_TRY IT_. Here the job is to transcribe only the lines from the one containing "GURU SHOP Boho" through the last line below, exactly as written; please leave out pictures.

_DATA SECTION_.
---*---

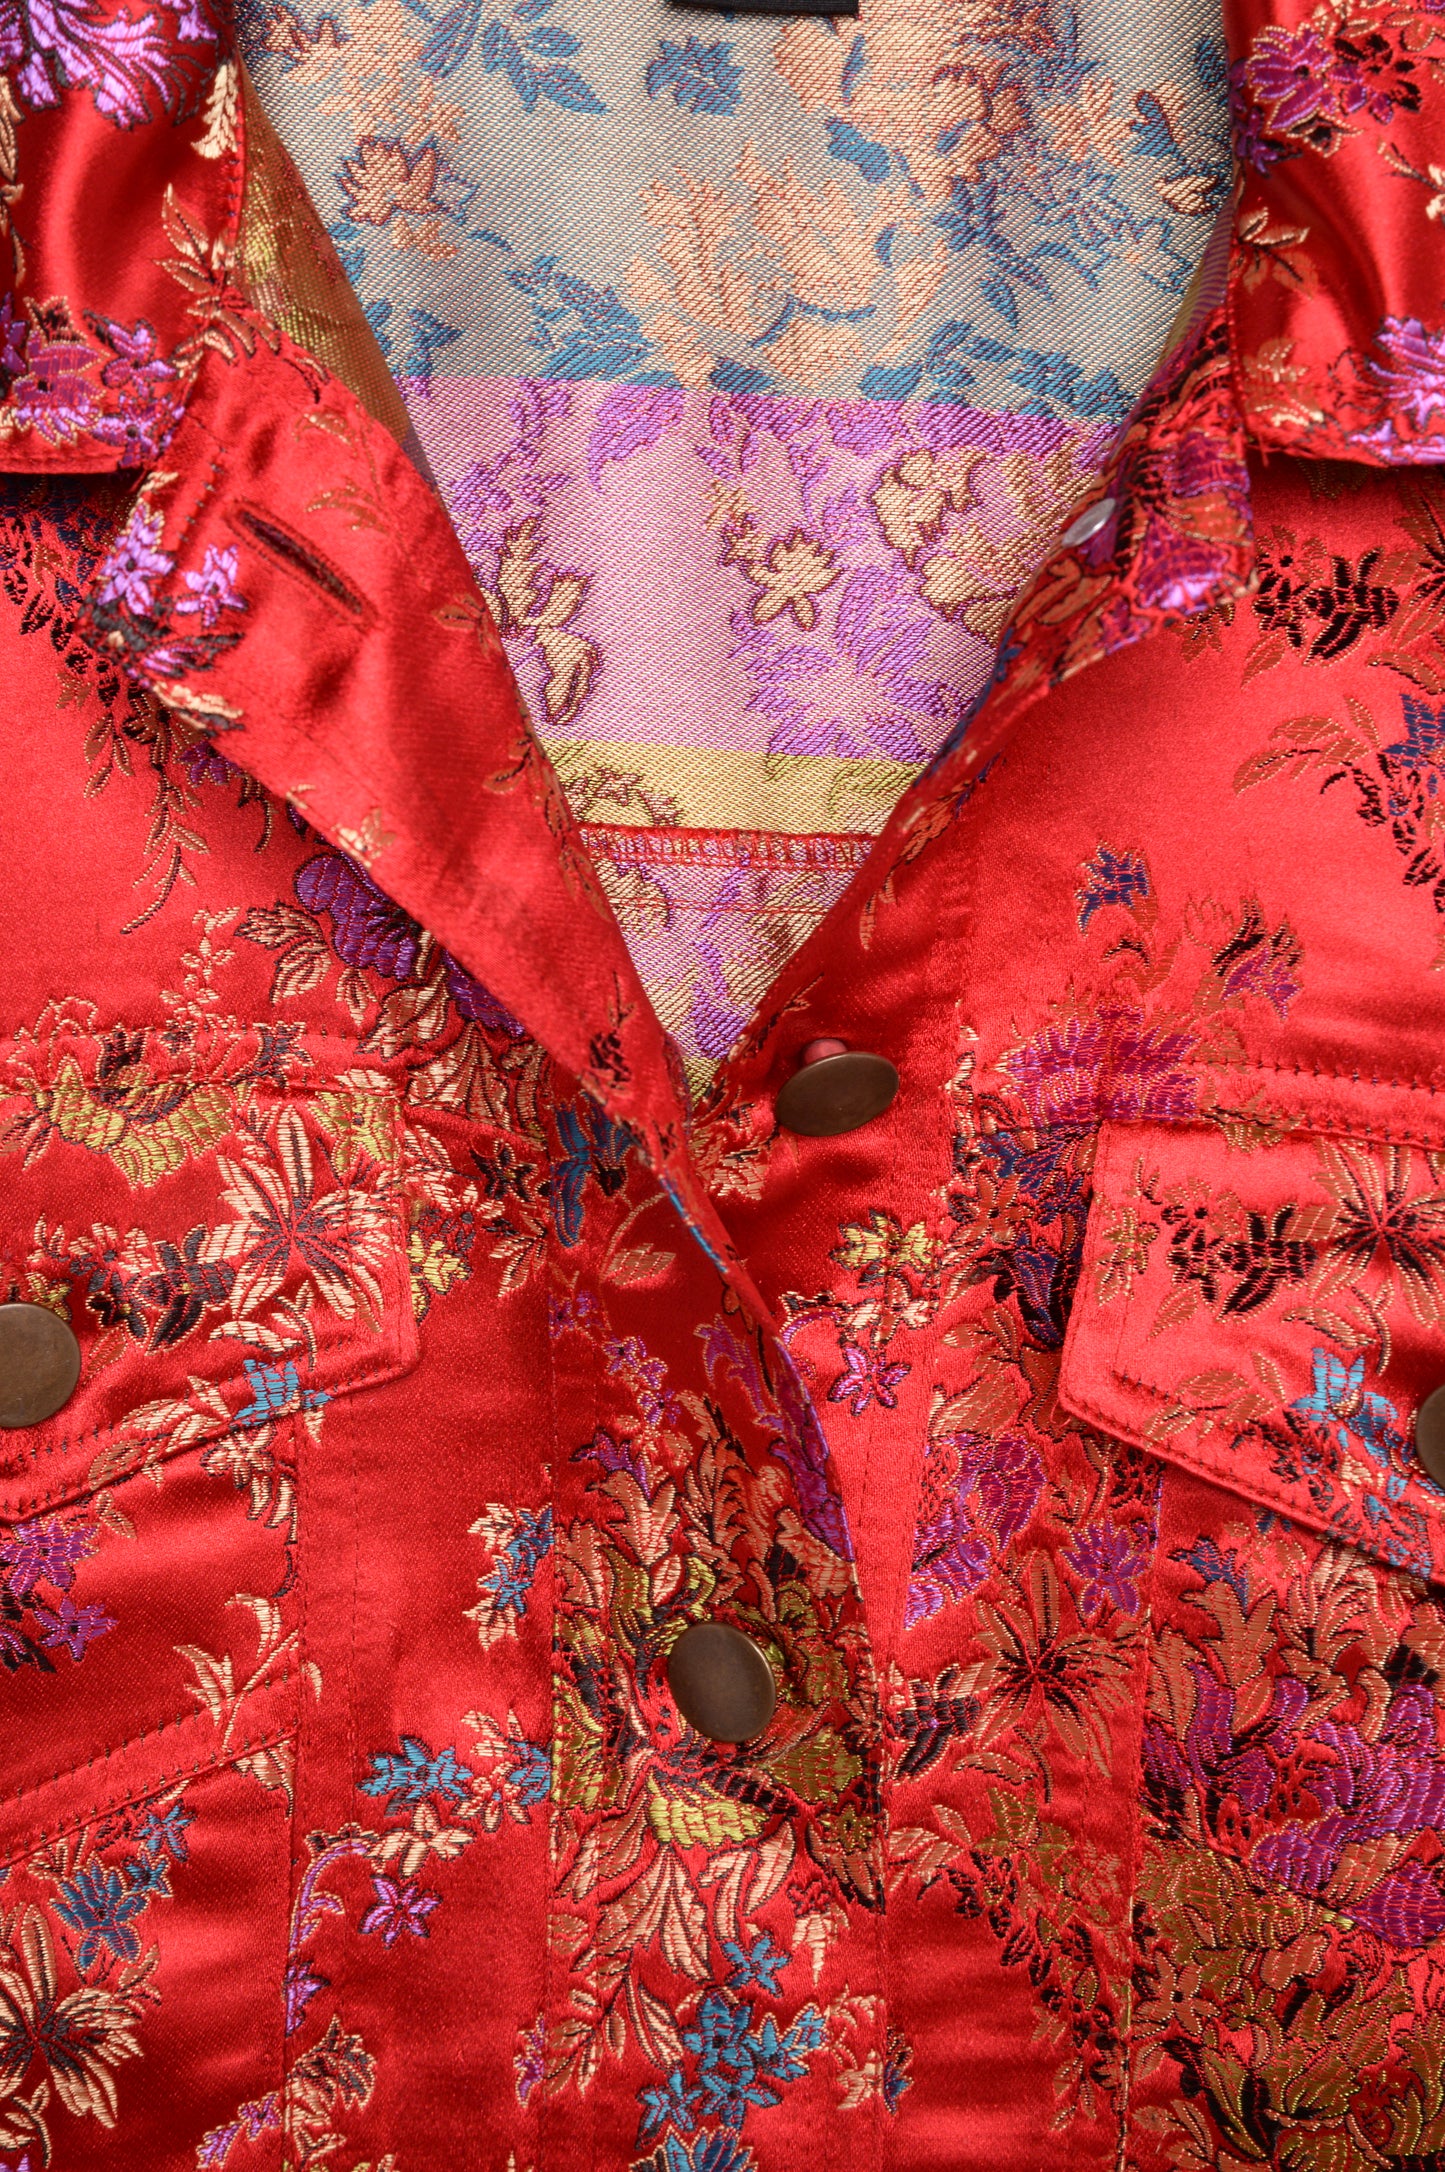 Y2K Floral Embroidered Satin Jacket
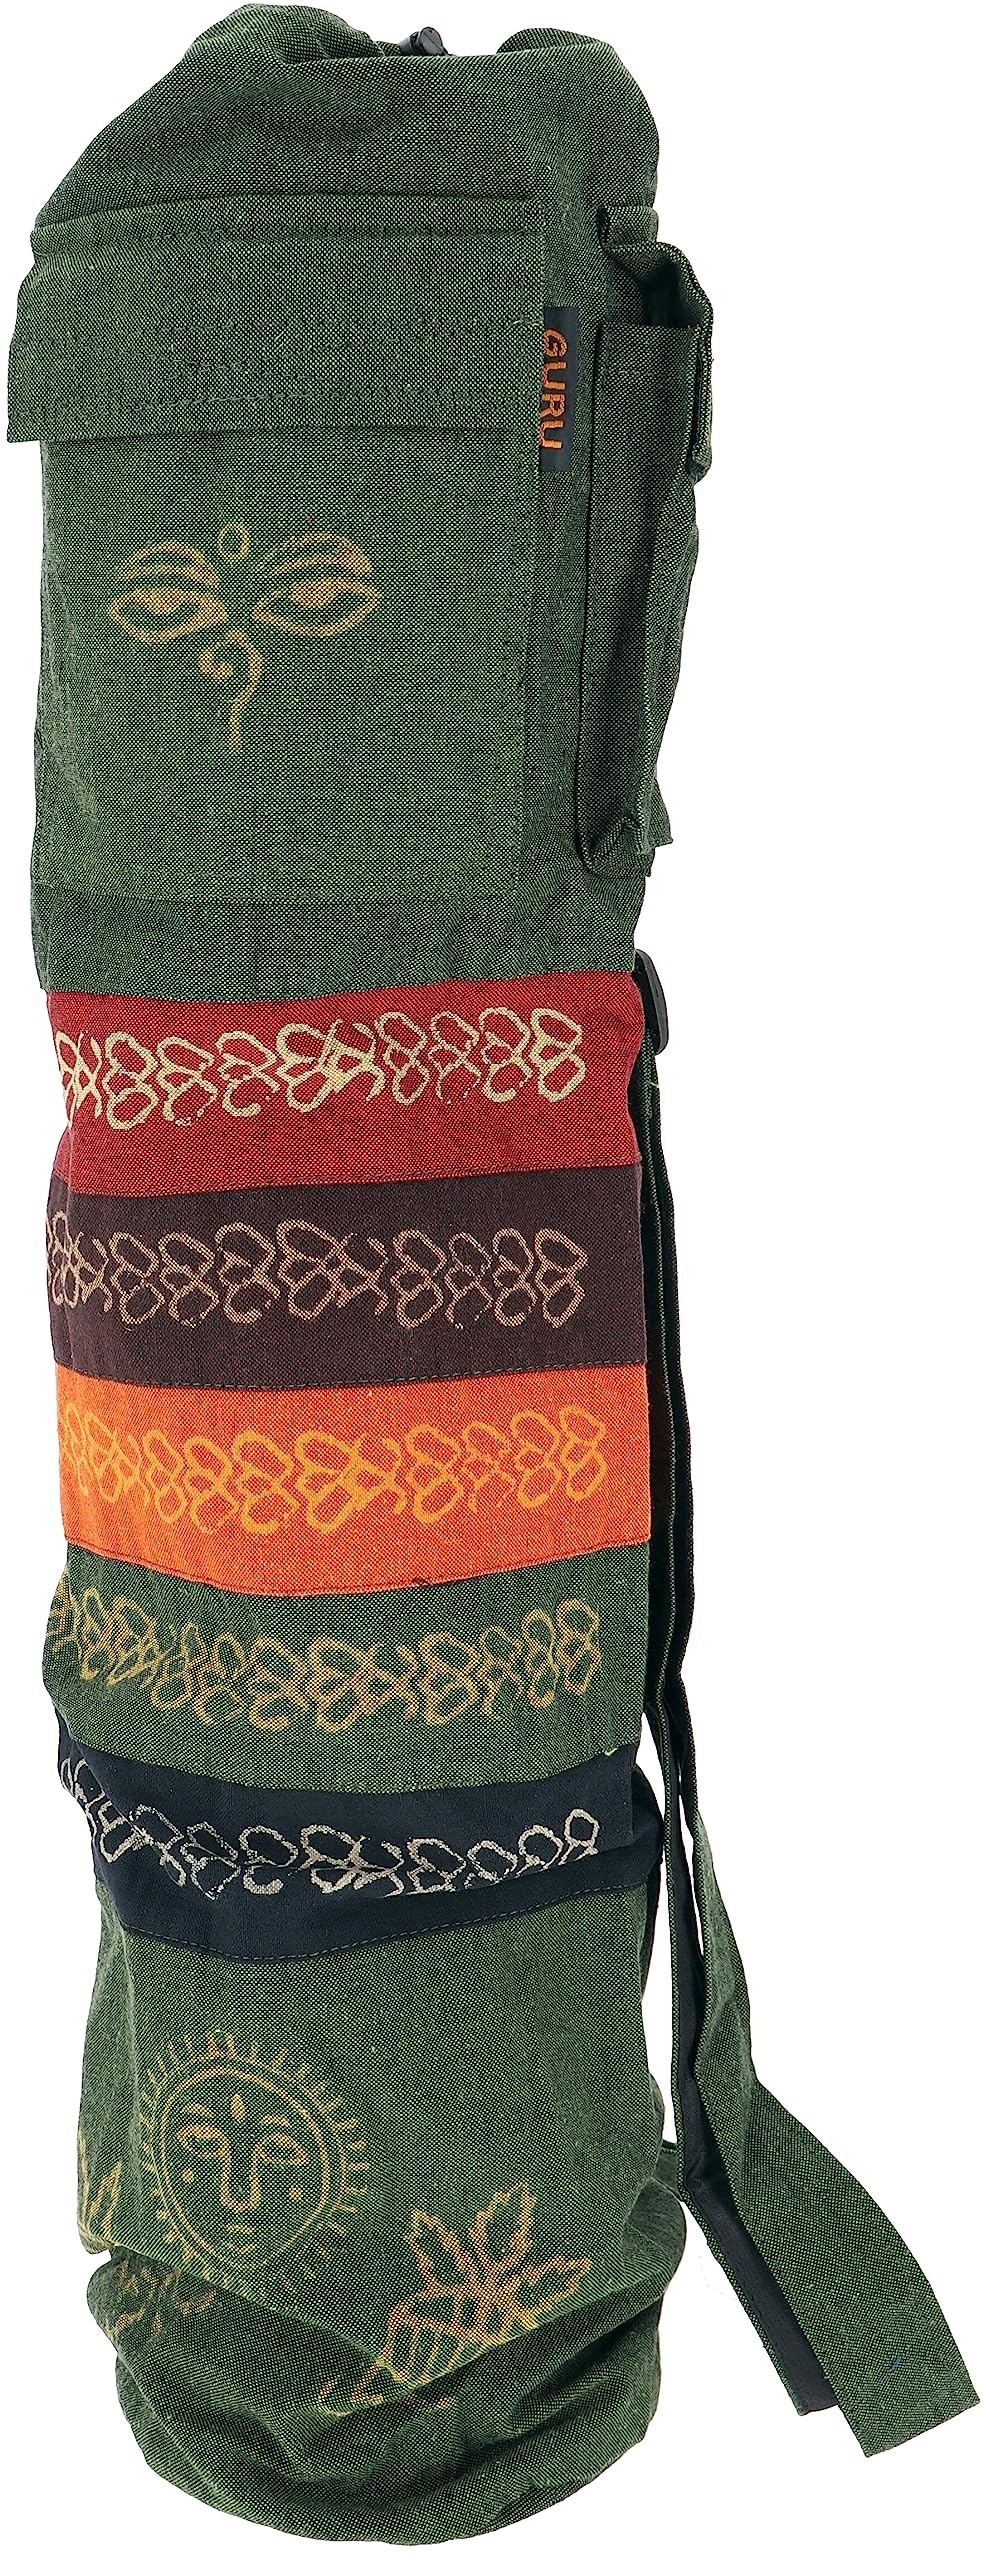 GURU SHOP Boho Yogamatten-Tasche, Batik Yogatasche aus Nepal - Grün, Herren/Damen, Baumwolle, Size:One Size, 70x23x13 cm, Taschen für Yogamatten - Einheitsgröße
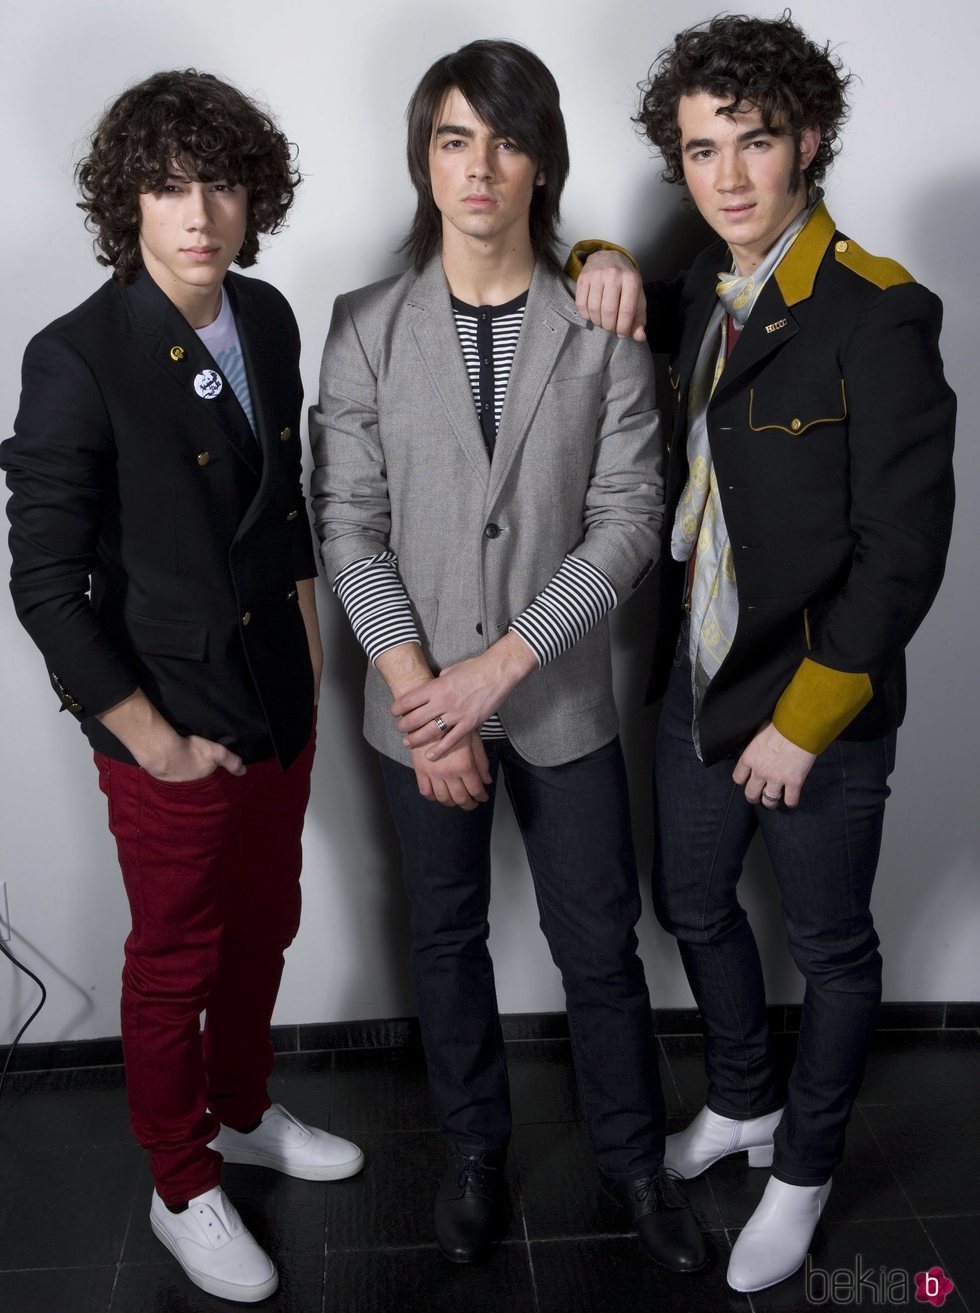 Los Jonas Brothers al inicio de su carrera

---*---

_TASK OUTPUT_.
 GURU SHOP Boho Yogamatten-Tasche, Batik Yogatasche aus Nepal - Grün, Herren/Damen, Baumwolle, Size:One Size, 70x23x13 cm, Taschen für Yogamatten - Einheitsgröße
 Los Jonas Brothers al inicio de su carrera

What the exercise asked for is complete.